The new European Commission took office on 1 November 2014. It will serve a five year term. It is led by Jean-Claude Juncker.
The European Commissioner for Transport (including maritime transport) is Violeta Bulc. She is a Slovenian telecom entrepreneur and politician. She served as a Minister without Portfolio in the Slovenian Government was but responsible for Development, Strategic Projects and Cohesion from 19 September 2014 to 1 November 2014 in the centre-left Cerar Government in Slovenia. She seems well-qualified for the shipping brief having practised fire-walking and engaged in tae kwon do! Commissioner Bulc is responsible for DG Mobility and Transport (“MOVE”) and the relevant parts of the Innovation and Networks Executive Agency (“INEA”) as well as being responsible for relations with: (a) the European Railway Agency (“ERA”); (b) the European Aviation Safety Agency (“EASA”); and (c) the European Maritime Safety Agency (“EMSA”).

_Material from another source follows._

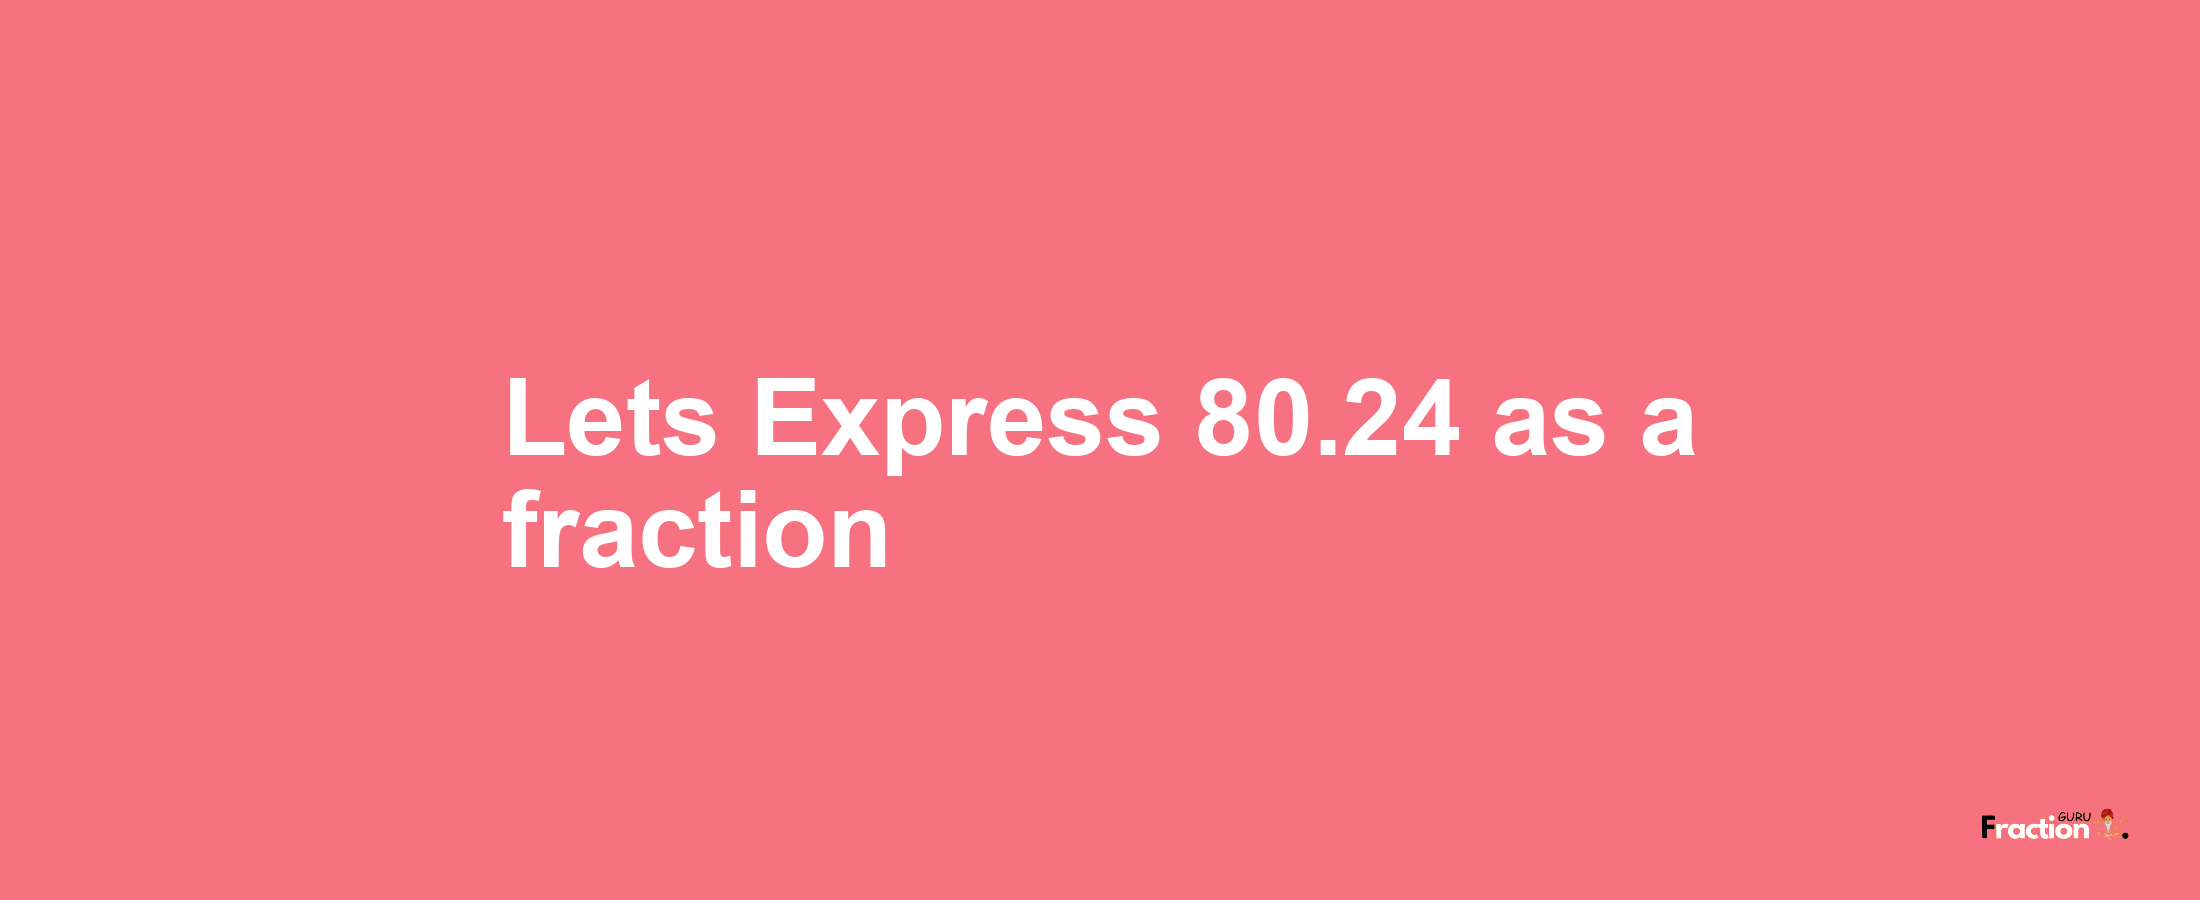 Lets Express 80.24 as afraction

As this Commission is organised into "project teams" where different Commissioners come together to work on common projects, it is notable that Commissioner Bulc is part of the Project Teams which deal with Jobs, Growth, Investment and Competitiveness, Digital Single Market, Energy Union, Better Regulation and Interinstitutional Affairs, Budget and Human Resources as well as Europe in the World; interestingly, there is no specific maritime-related item on that agenda.
There are other Commissioners in the Juncker Commission whose portfolios are directly relevant to maritime matters including the following: Karmenu Vella who is the Commissioner with responsibility for the Environment, Maritime Affairs and Fisheries; Federica Mogherini who is the High Representative of the Union for Foreign Affairs and Security Policy / Vice-President of the Commission; Cecilia Malmström who is the Trade Commissioner; Miguel Arias Cañete is the Commissioner with responsibility for Climate Action & Energy; and Margrethe Vestager is the Competition Commissioner. Ultimately, the work of all the Commissioners could have an impact on maritime matters including, for example, Marianne Thyssen who is the Commissioner for Employment, Social Affairs, Skills and Labour Mobility would be relevant in the on-going extension of EU employment rights to seafarers.

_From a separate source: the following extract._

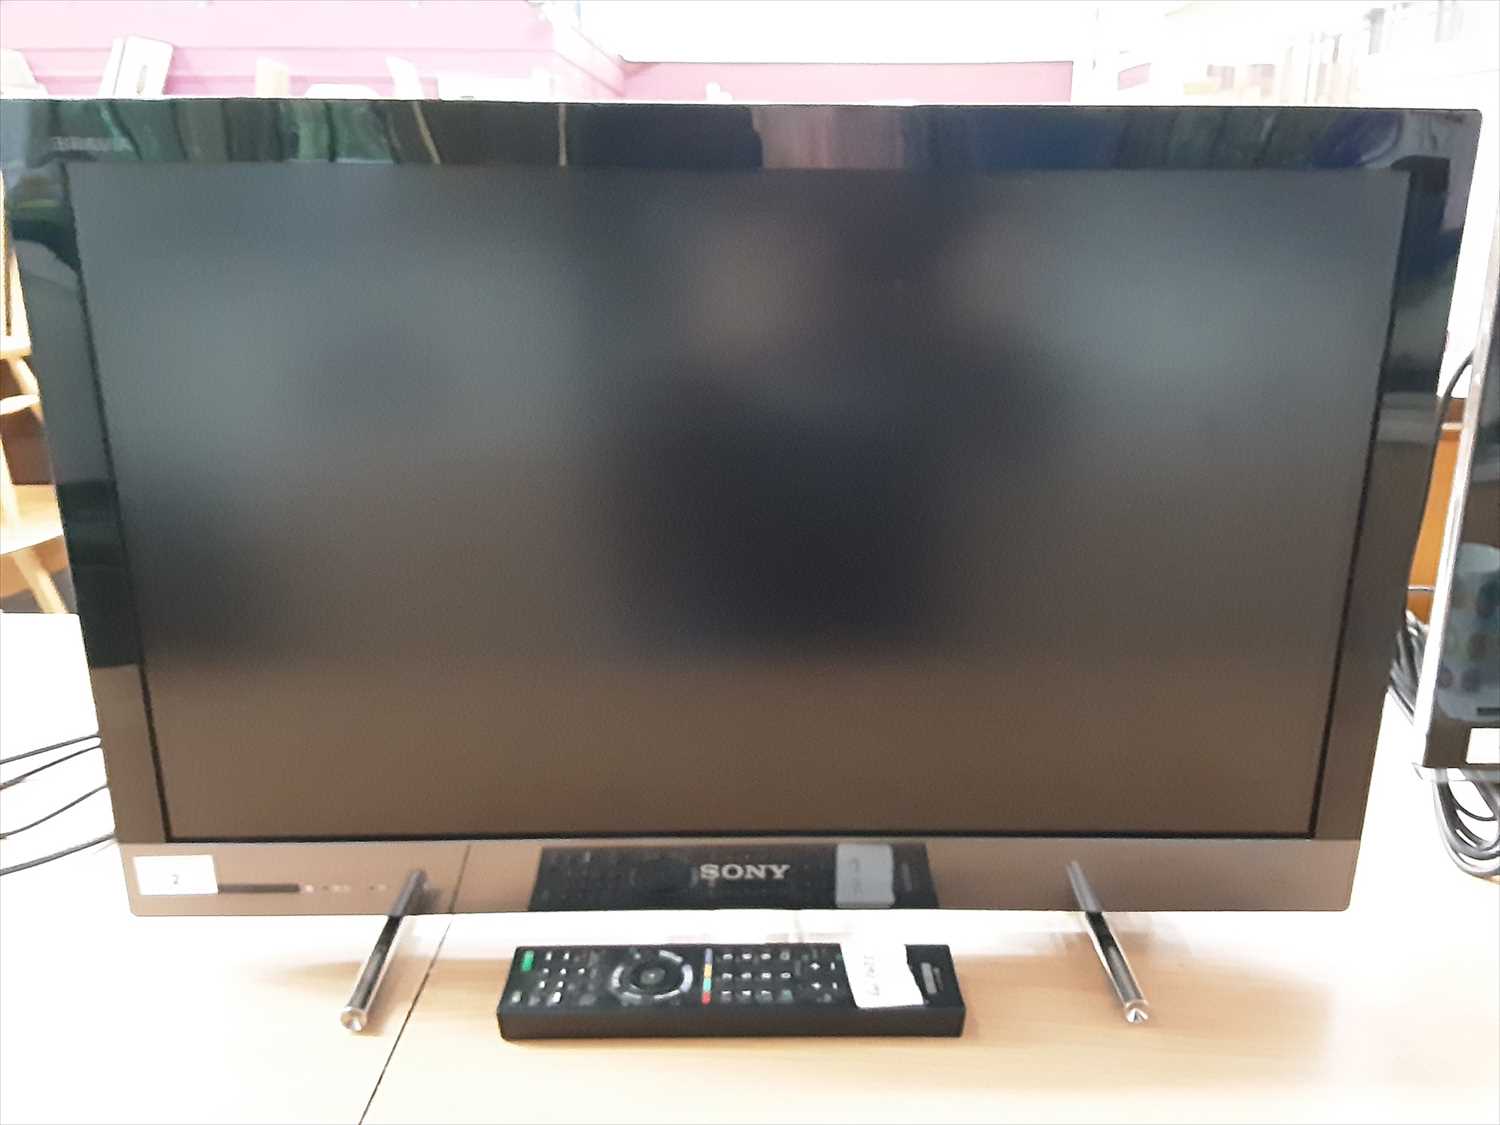 Lot 2 - Sony TV  model number KDL-26EX320 with remote control

This new Commission has a particular interest in the rule of law and the Charter of Fundamental Rights which could well be useful for those in the maritime sector whose rights are infringed. For example, shipping companies which cannot avail of the fundamental freedoms or whose rights were infringed during an inspection (more commonly referred to as a “dawn raid”) by the European Commission’s Directorate General for Competition may be able to sue the EU for damages.
The challenge for shipping in dealing with the Commission (and equally for the Commission in dealing with shipping) is that the sector is dealt with by several Commissioners and several Directorates General which raises interesting challenges.